1月号
神戸市医師会公開講座 くらしと健康 64
ハチミツとかかりつけ医
最近地域包括システムということばをよく耳にするが、これは超高齢化社会を迎え、高齢者が住み慣れた地域で安心して暮らし続けることができるようにと考えられたシステムである。つまり医療、介護、予防、住まい、生活支援サービスを切れ目なく提供するために必要なシステムとして計画されたものである。そのシステムに基づき急性期病院では早期の退院を促し、慢性期病院、施設、在宅へと移行に努めている。
しかし現状では在宅医療への移行はスムーズではない。大きな要因として在宅への受け入れ側の家族の構成の変化や意識の変化が挙げられている。核家族化により介護する側の人は最近の神戸市医師会の調査では一位が娘、二位が妻、三位が夫、四位が息子である。一昔前のように息子の嫁が介護する時代ではない。介護力が不足しており施設に入居する人も多い。施設に入居した人に限らず、楽しみという観点から見たとき食べる事はひとつの重要なポイントと思われる。
そこで高齢者の食べる楽しみについて考えたい。私は垂水区で有料老人ホームの運営にも携わっているが、実は屋上でミツバチを飼っている。そのハチミツを一口食べると派手な味ではないが子どものころに食べたあの何とも言えない甘さと独特の風味が蘇って来る。ハチミツは入居者のために作っており、朝食やおやつに利用しているのだが、ターミナルになって食事を受け付けなくなった人が温かいハチミツ水だけは飲んでくれたことは、感慨深いものがあった。

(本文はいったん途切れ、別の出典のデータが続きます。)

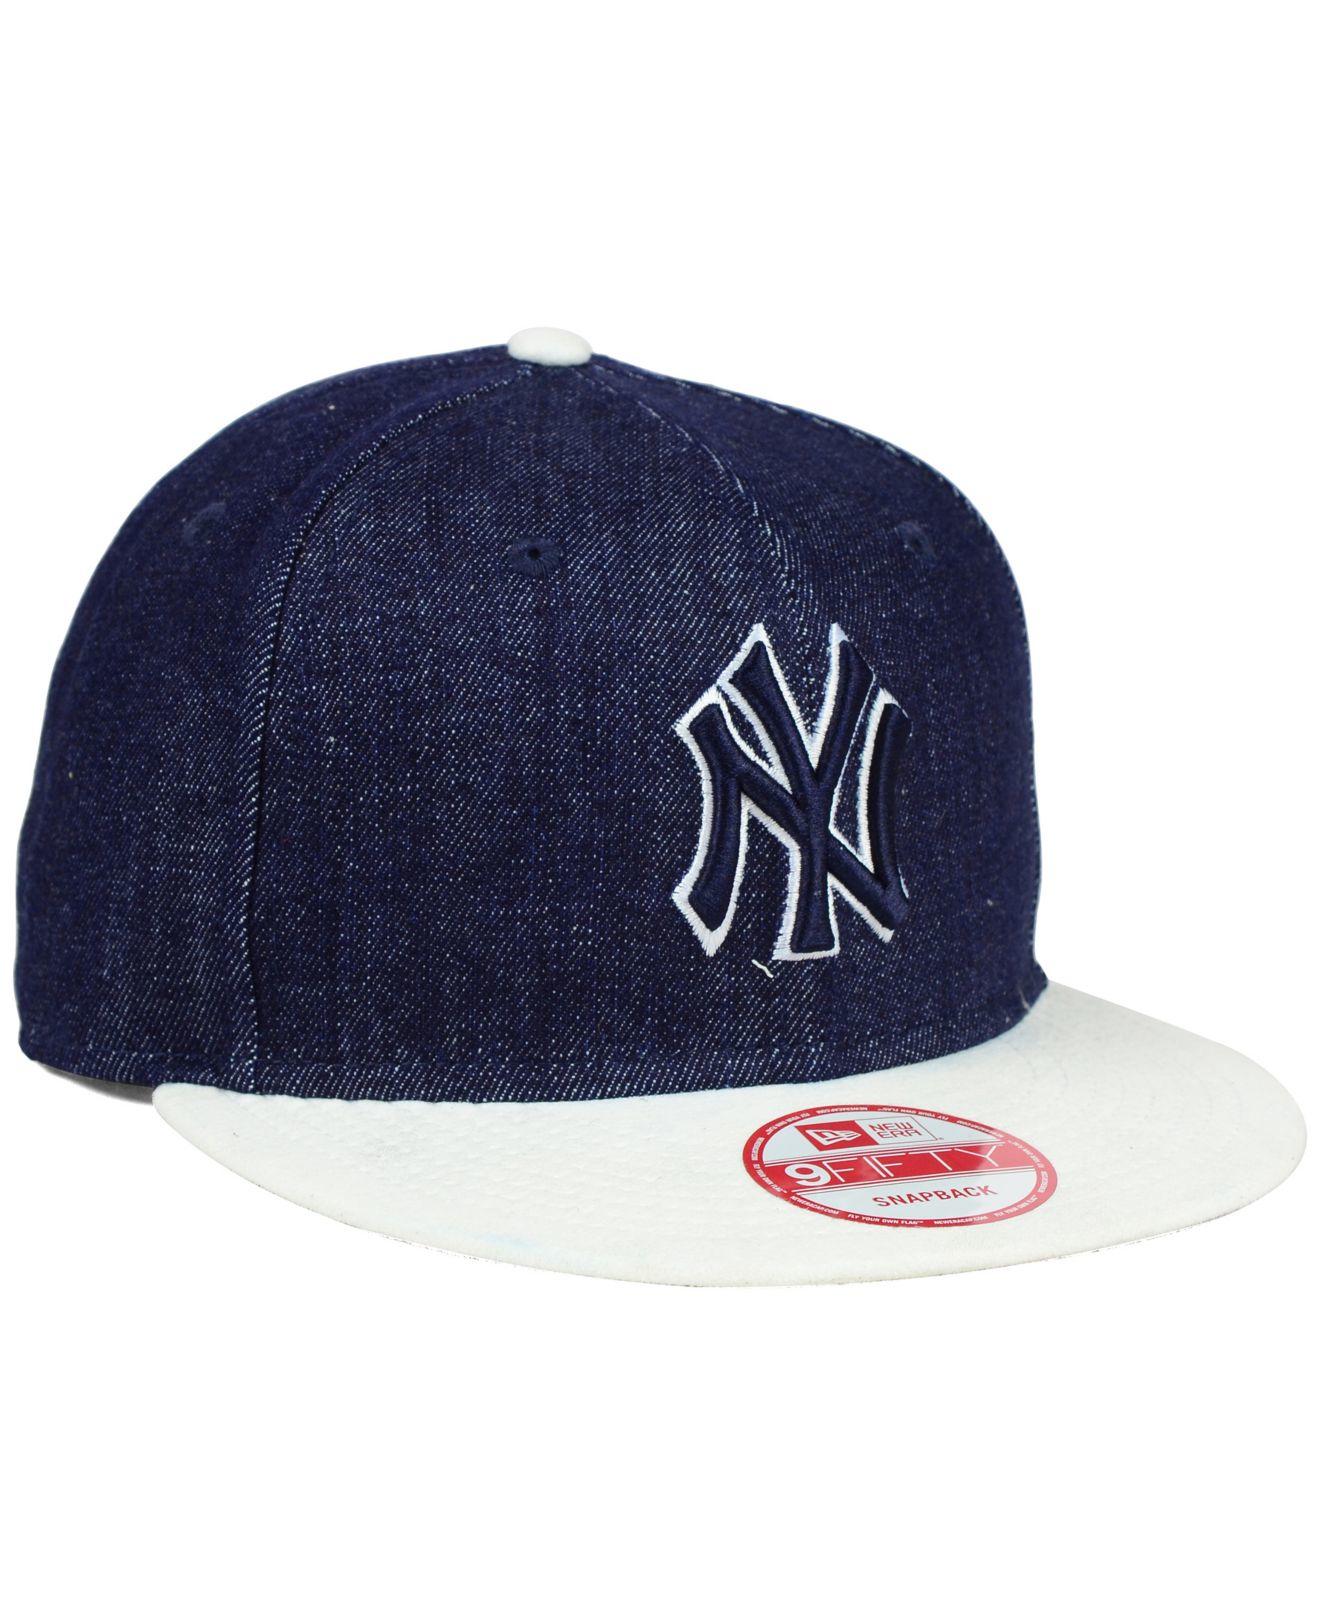 best website a1949 e0c00 ... new zealand lyst ktz new york yankees denim suede 9fifty snapback cap  in blue 70fb4 6ab8f promo code 2016 mlb ...

さて私がなぜミツバチを飼いだしたか?それはある雑誌で銀座のミツバチについての記事を読んだのがきっかけである。有料老人ホームの朝食のパンに付けて食べてもらいたいと思った。しかしどうして良いのか分らない。妻は猛反対で入居者さんが刺されたらどうするの?買った方が安いわよとくる。当時NHKの朝ドラで「ゲゲゲの女房」が放映されそのお兄さんが養蜂をしていてミツバチのことを話し出すと止まらないということを聞いた。
さっそくミツバチ談義を聞きに行く事となった。安来市は神戸から約3時間、アポなしで尋ねたがミツバチのことを詳しく教えていただいた。紹介してくれた養蜂家はなんと神戸の阪神御影にある俵養蜂所であった。俵養蜂所の社長は全国でミツバチの病気を診れるたった3人の獣医のひとりであった。
ミツバチをなぜ獣医がと思ったがミツバチは家畜であるため獣医が診るとのことであった。感染症やダニなどの寄生虫が主な疾患である。さてミツバチの巣箱には約3万匹のミツバチがいる。そのなかで女王は1匹、働き蜂は約2万8千匹、オス蜂は約2千匹であり、女王蜂を中心としたひとつのファミリーである。
女王蜂になるか働き蜂になるかは、生まれてから成虫になるまでの食べ物で違う。ロイヤルジェリーで育てられると女王、ワーカージェリーで育てられると働き蜂。受精卵から生まれると雌になり女王も働き蜂も同じ受精卵である。
一方無受精卵からはオス蜂が生まれる。女王蜂は3年から4年の寿命があり一日千個から2千個の卵を産む。働き蜂は蜜集めの忙しい時期は約1ヶ月の寿命で越冬の場合は6ヶ月ほど生きる。しかしミツバチの世界は短い一生でもそれぞれ役目が決まっており、想像以上に奥が深い。働き蜂はハウスキーピングや育児もこなし、最後の一週間ほどでティースプーン一杯の蜜を集めて一生を終える。そう考えるとミツバチは可哀そうに思えるが、こちらが蜜をいただくのは5月から7月までであとはミツバチの取り分である。
また冬になって餌の蜜が少なくなったときはこちらから砂糖水を与えることになる。家畜なので世話もしなければならない。8月下旬から11月下旬までは天敵のスズメバチから守ってやらなければならない。ミツバチを扱うときに燻煙器を使うが、これは大昔からの知恵の賜物で煙をミツバチに掛けるとミツバチは山火事が起こったと勘違いして大人しくなり蜜を体に吸い込んで逃げる体制になり、人は刺されにくくなるという寸法だ。私もミツバチの話をしだすと止まりそうにない。さて私はかかりつけ医である。かかりつけ医は在宅の患者だけでなくその家族も診察し長い時間をかけて関係を築いている。家族構成やそのバックグラウンドを理解して患者に接している。国は在宅支援診療所や病院を在宅医療の要にしたいようであるが、それは在宅患者が亡くなればその関係は終わってしまう。かかりつけ医との関係は終わらない。在宅はかかりつけ医。そこからの発想が食べる楽しみ、ハチミツへと続いていると理解していただけると幸いである。